The power pack in the Z5 can be charged via the USB port, which can be very convenient when travelling.
The table below summarizes the key physical specs of the two cameras alongside a broader set of comparators. If you want to switch the focus of the display and review another camera pair, you can move across to the CAM-parator tool and choose from the broad selection of possible camera comparisons there.

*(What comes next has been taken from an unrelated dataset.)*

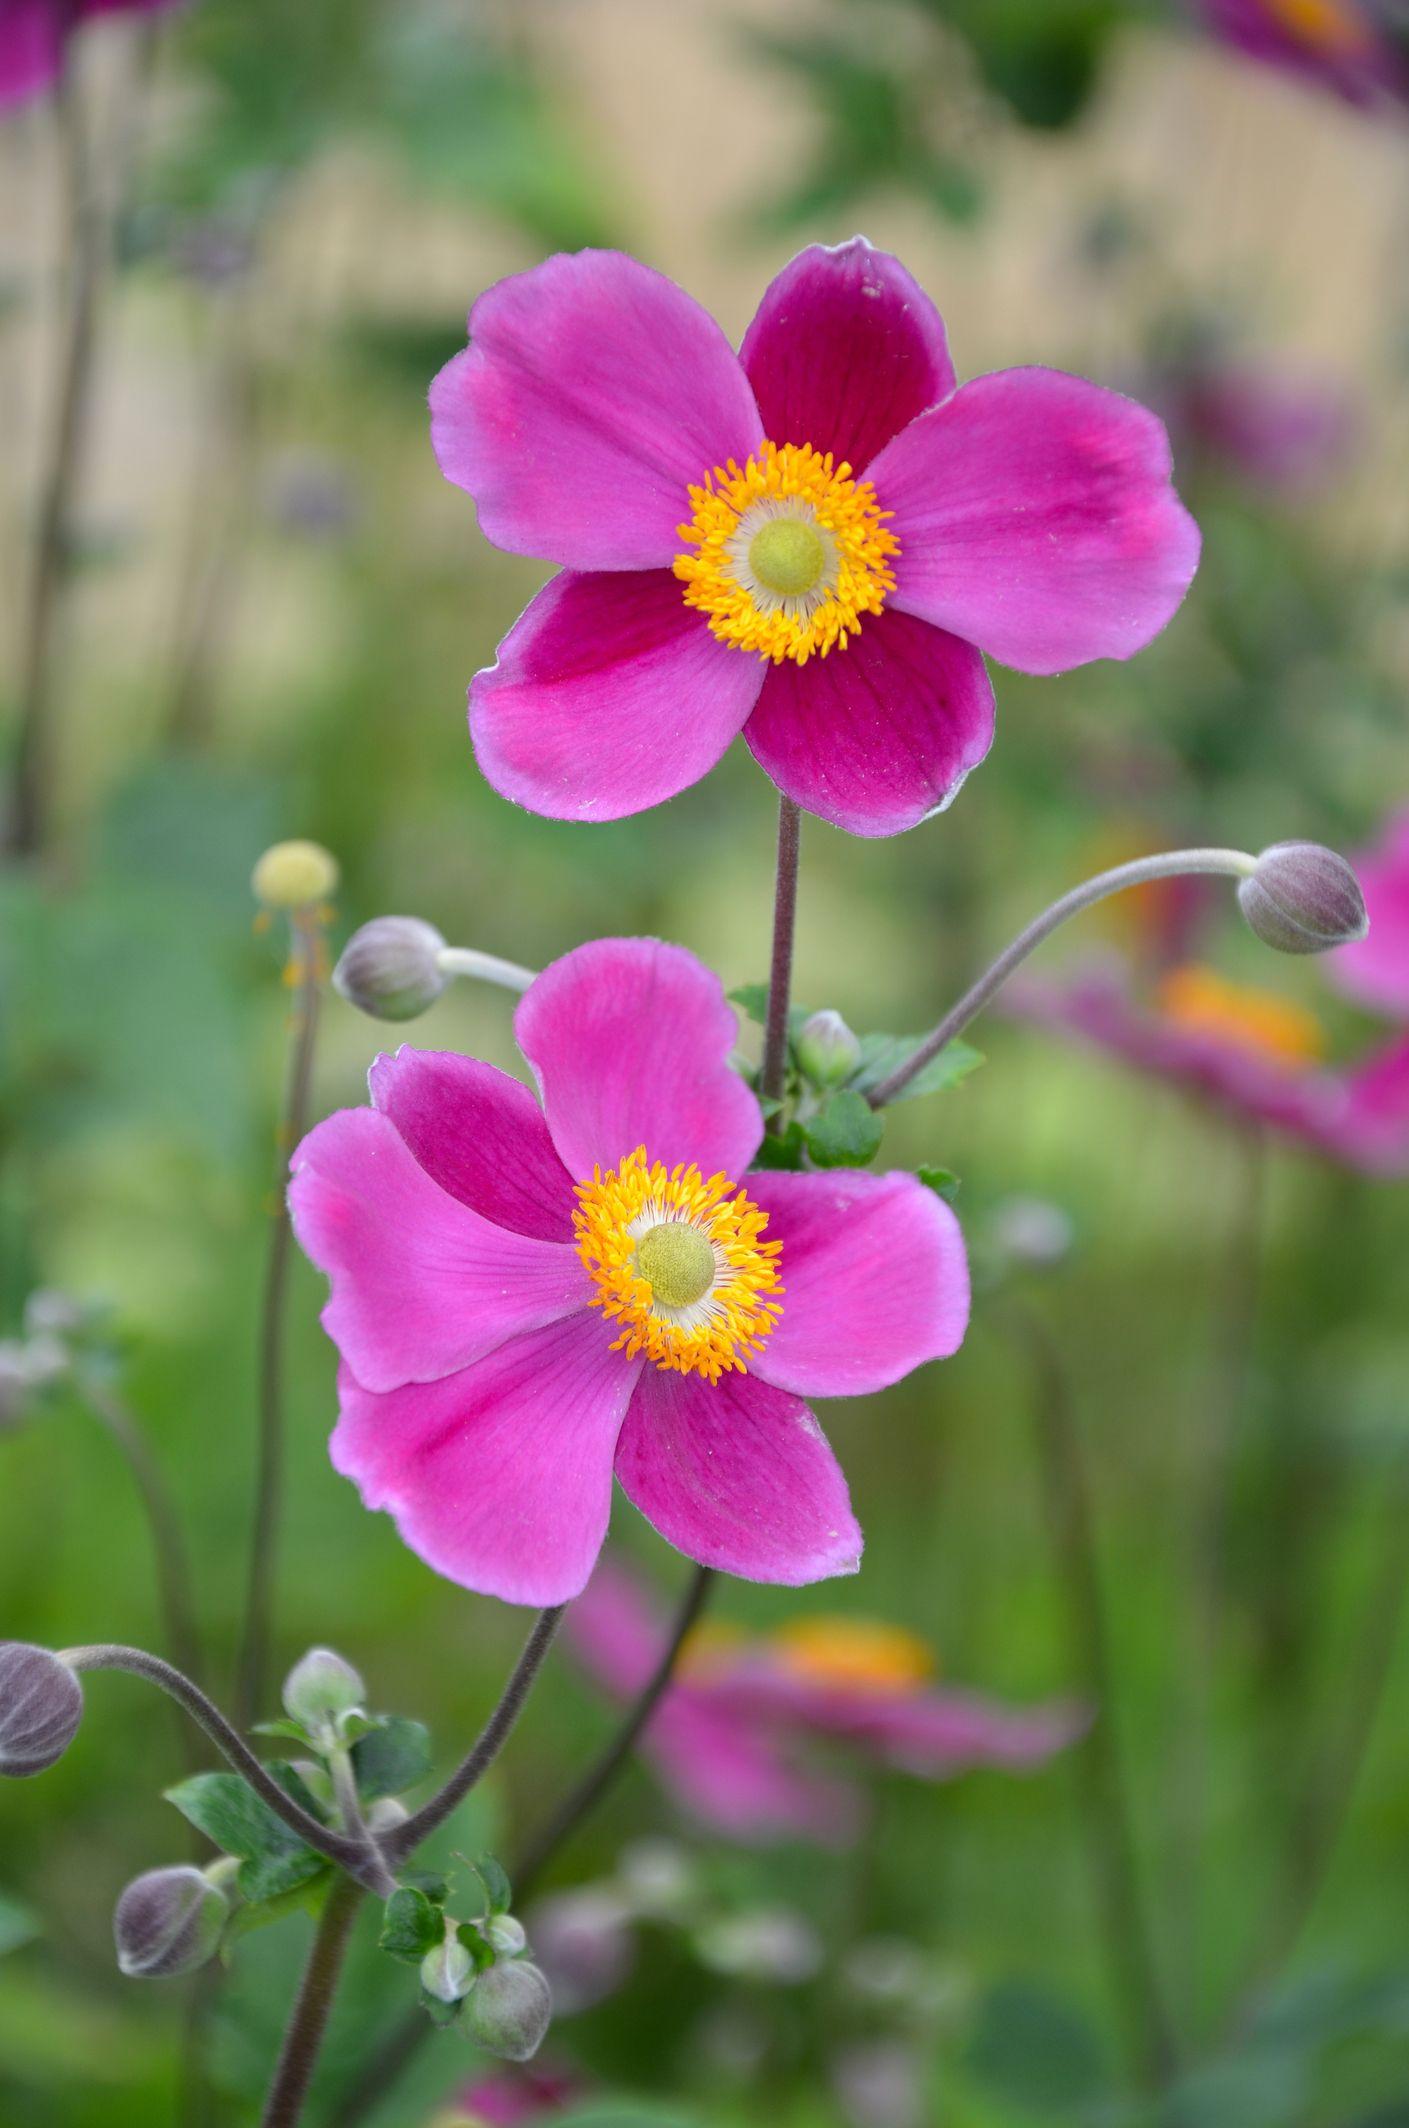 15 Best Fall Flowers For An Autumn Garden Prettiest Flowers To
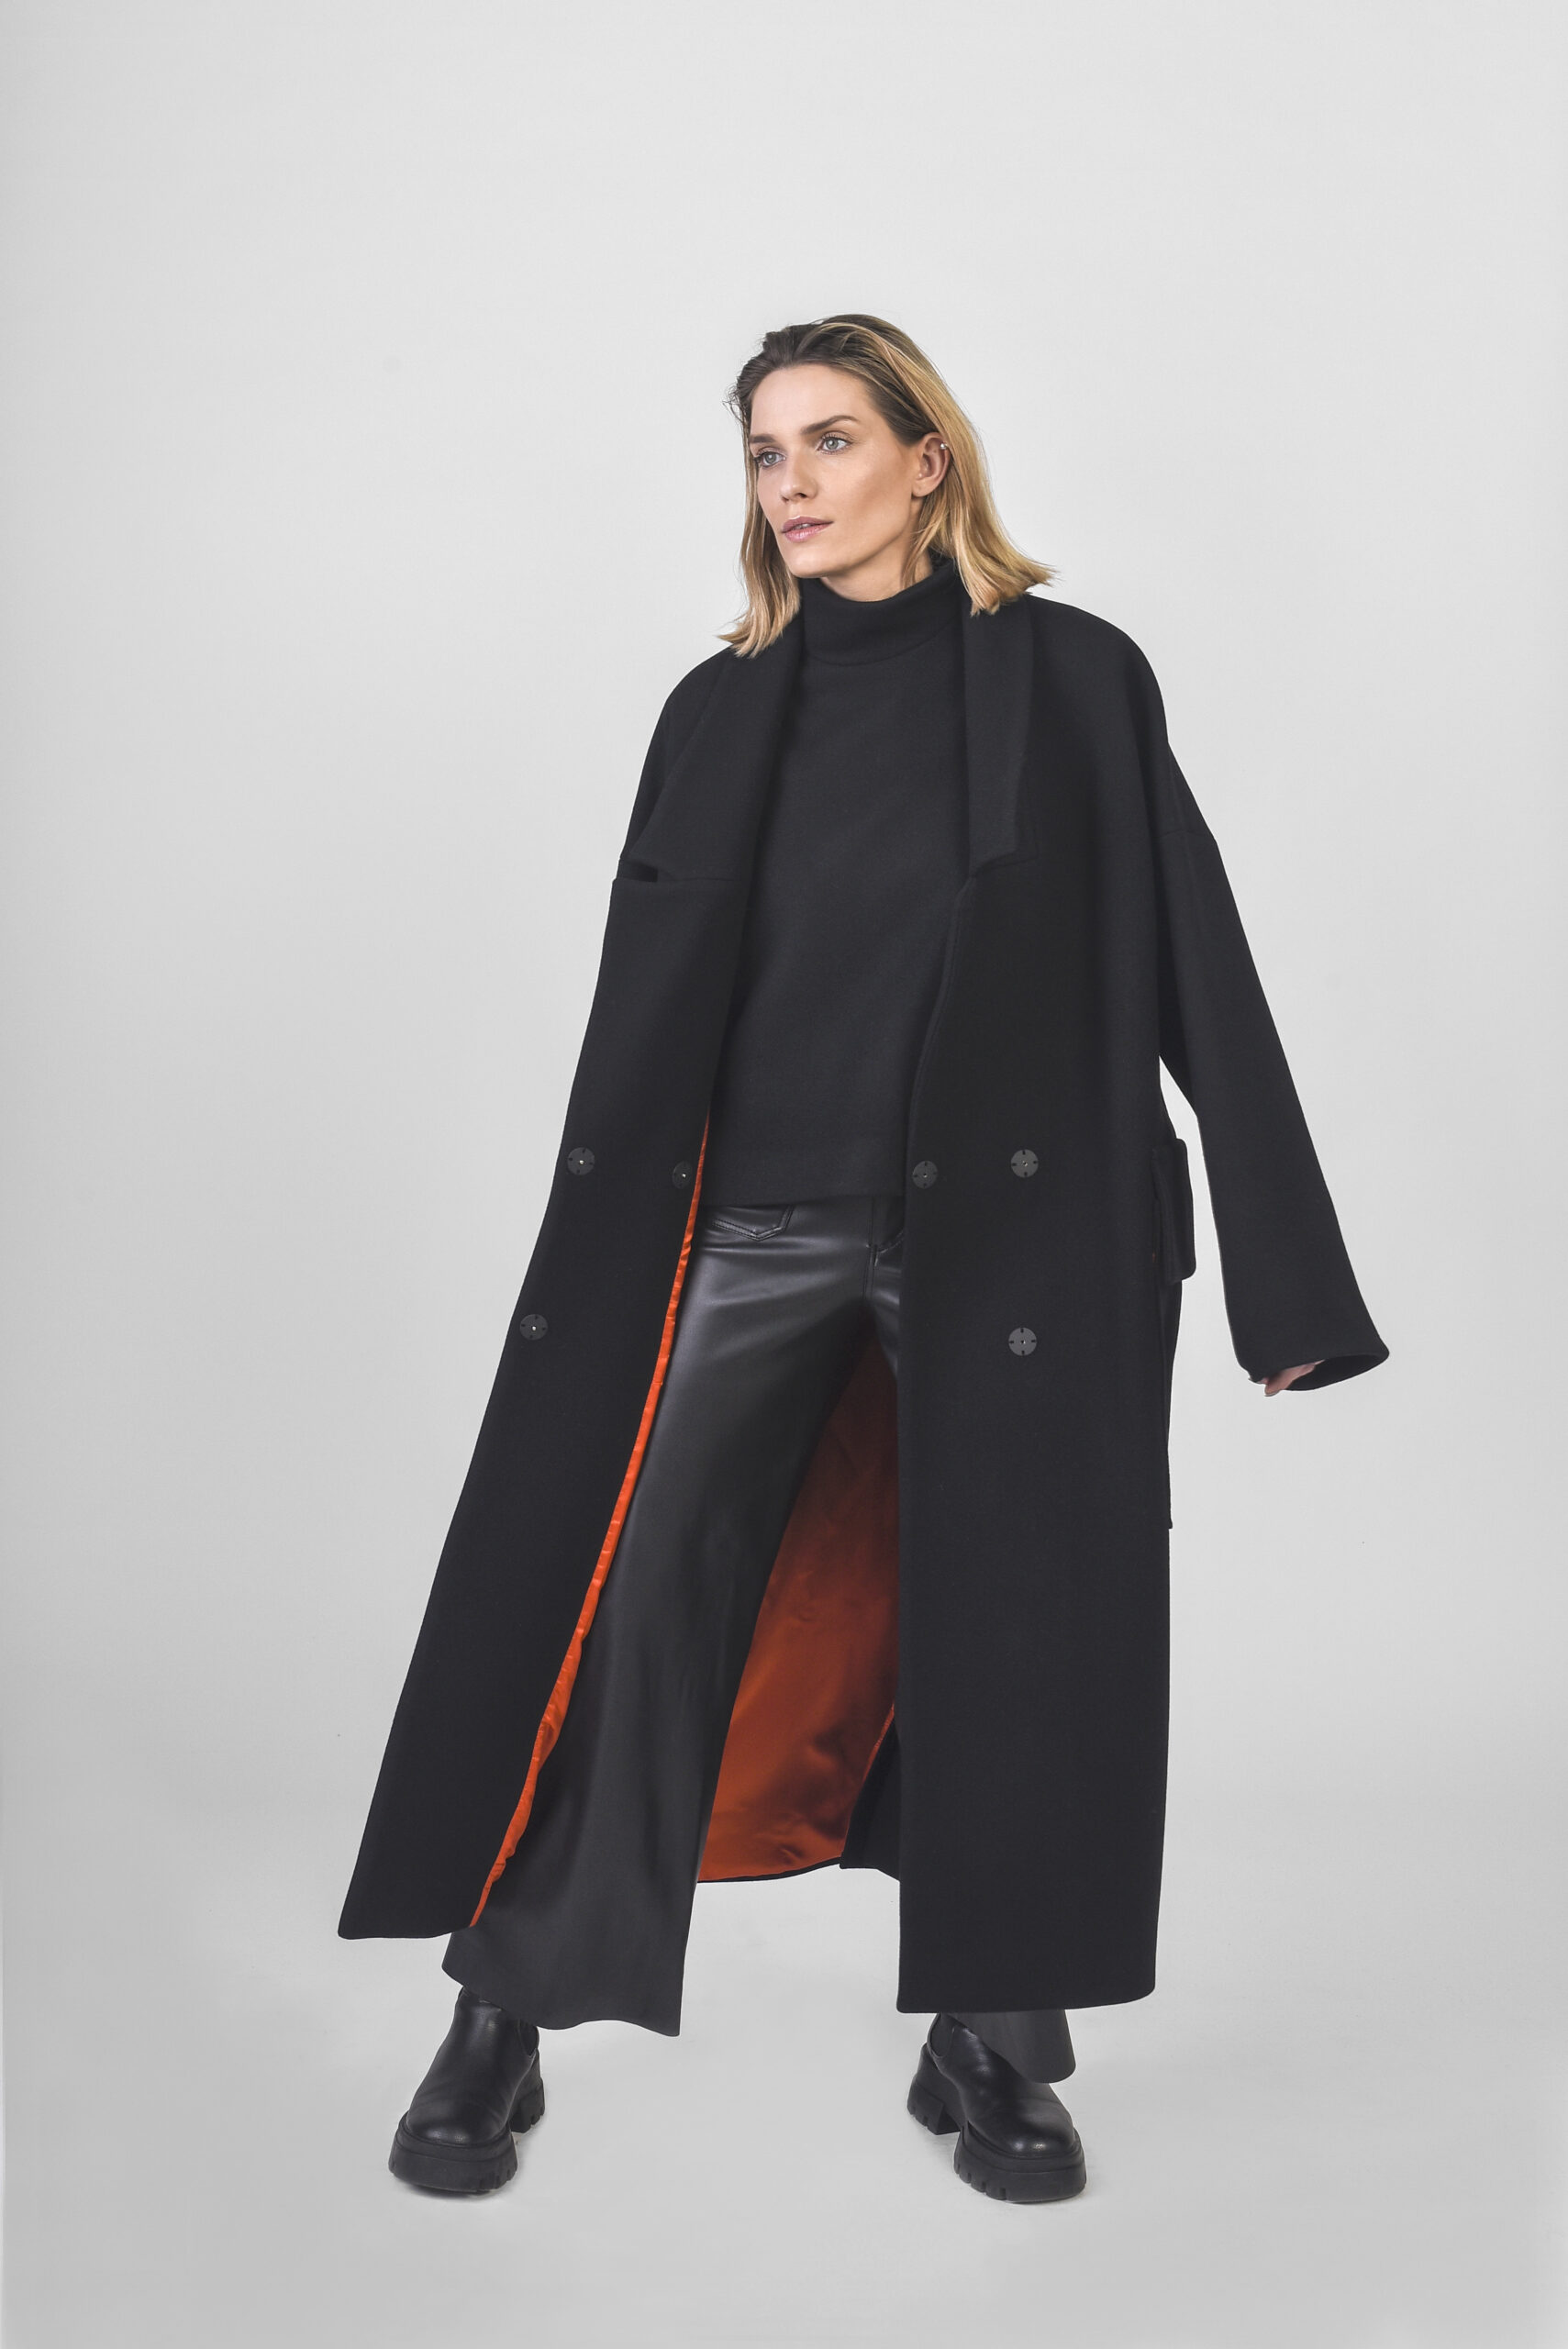 model with black coat and orange linen

|1.||Nikon 1 J4||100 mm||60 mm||29 mm||232 g||300||n||Apr 2014||549|
|2.||Nikon Z5||134 mm||101 mm||67 mm||675 g||470||Y||Jul 2020||1,399|
|3.||Canon G9 X||98 mm||58 mm||31 mm||209 g||220||n||Oct 2015||529|
|4.||Canon 100D||117 mm||91 mm||69 mm||407 g||380||n||Mar 2013||549|
|5.||Canon 700D||133 mm||100 mm||79 mm||580 g||440||n||Mar 2013||649|
|6.||Fujifilm X-T4||135 mm||93 mm||64 mm||607 g||500||Y||Feb 2020||1,699|
|7.||Nikon Z7 II||134 mm||101 mm||70 mm||705 g||420||Y||Oct 2020||2,999|
|8.||Nikon Z6 II||134 mm||101 mm||70 mm||705 g||410||Y||Oct 2020||1,999|
|9.||Nikon Z6||134 mm||101 mm||67 mm||675 g||310||Y||Aug 2018||1,999|
|10.||Nikon D7500||136 mm||104 mm||73 mm||720 g||950||Y||Apr 2017||1,299|
|11.||Nikon P900||140 mm||103 mm||137 mm||899 g||360||n||Mar 2015||599|
|12.||Nikon 1 J5||98 mm||60 mm||32 mm||231 g||250||n||Apr 2015||399|
|13.||Nikon 1 V3||111 mm||65 mm||33 mm||381 g||310||n||Mar 2014||799|
|14.||Panasonic GF7||107 mm||65 mm||33 mm||266 g||230||n||Jan 2015||499|
|15.||Panasonic G6||122 mm||85 mm||71 mm||390 g||340||n||Apr 2013||599|
|16.||Panasonic GF6||111 mm||65 mm||38 mm||323 g||340||n||Apr 2013||499|
|17.||Sony NEX-3N||110 mm||62 mm||35 mm||269 g||480||n||Feb 2013||499|
|Notes: Measurements and pricing do not include easily detachable parts, such as add-on or interchangeable lenses or optional viewfinders.|
Any camera decision will obviously take relative prices into account. The retail prices at the time of the camera’s release place the model in the market relative to other models in the producer’s line-up and the competition. The J4 was launched at a markedly lower price (by 61 percent) than the Z5, which puts it into a different market segment. Usually, retail prices stay at first close to the launch price, but after several months, discounts become available. Later in the product cycle and, in particular, when the replacement model is about to appear, further discounting and stock clearance sales often push the camera price considerably down.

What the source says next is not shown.